$group (aggregation)

在本页面

Definition

$group
- 按指定的_id表达式对 Importing 文档进行分组，并针对每个不同的分组输出文档。每个输出文档的_id字段包含唯一的按值分组。输出文档还可以包含包含某些accumulator expression值的计算字段。

Note

$group 不Order 其输出文件。

$group阶段具有以下原型形式：

{
  $group:
    {
      _id: <expression>, // Group By Expression
      <field1>: { <accumulator1> : <expression1> },
      ...
    }
 }

Field	Description
`_id`	必需.如果您将`_id`值指定为 null 或任何其他常数值，则`$group`阶段将整体计算所有 Importing 文档的累积值。
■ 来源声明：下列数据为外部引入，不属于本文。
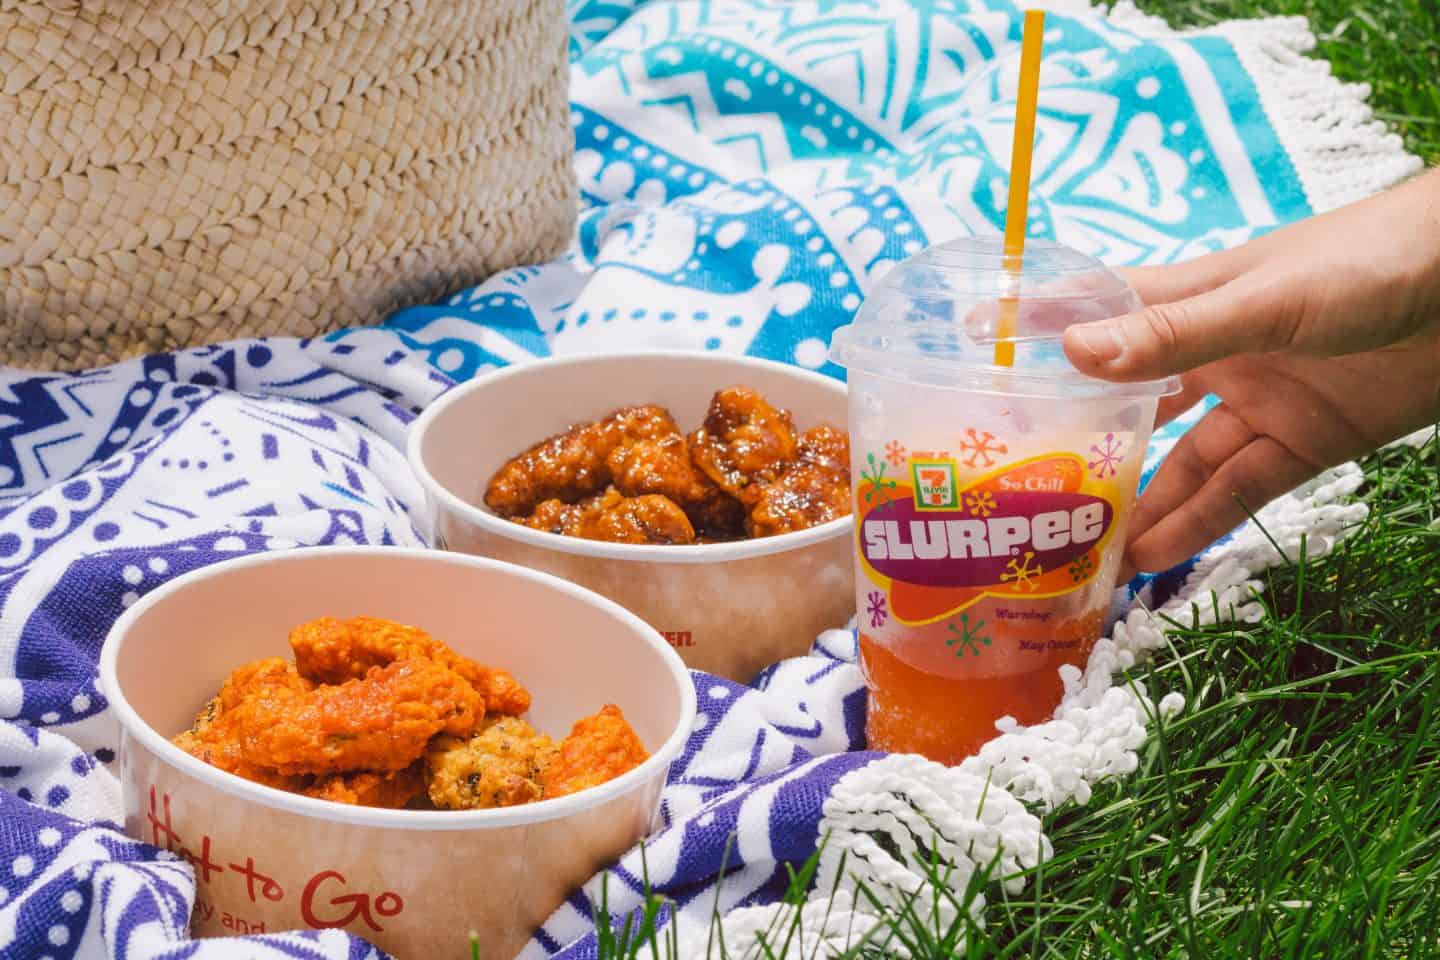 Chicken wings and Slurpee at 7-Eleven Canada

查看以空分组的示例。
`field`	可选.使用accumulator operators计算。

_id和accumulator operators可以接受任何有效的expression。有关表达式的更多信息，请参见Expressions。

Considerations

Accumulator Operator

<accumulator>运算符必须是以下累加器运算符之一：

Name	Description
$addToSet	返回每个组的唯一表达式值的数组。数组元素的 Sequences 未定义。
$avg	返回数值的平均值。忽略非数字值。
$first	从每个组的第一个文档返回一个值。仅当文档按定义的 Sequences 定义 Sequences。
$last	从每个组的最后一个文档返回一个值。仅当文档按定义的 Sequences 定义 Sequences。
$max	返回每个组的最高表达式值。
$mergeObjects	返回通过合并每个组的 Importing 文档而创建的文档。
$min	返回每个组的最低表达式值。
$push	返回每个组的表达式值的数组。
$stdDevPop	返回 Importing 值的总体标准偏差。
$stdDevSamp	返回 Importing 值的 samples 标准偏差。
$sum	返回数值的总和。忽略非数字值。

$ group 运算符和内存

$group阶段的 RAM 限制为 100 MB。默认情况下，如果阶段超出此限制，则$group返回错误。要允许处理大型数据集，请将allowDiskUse选项设置为true。该标志使$group操作能够写入临时文件。有关更多信息，请参见db.collection.aggregate()方法和aggregate命令。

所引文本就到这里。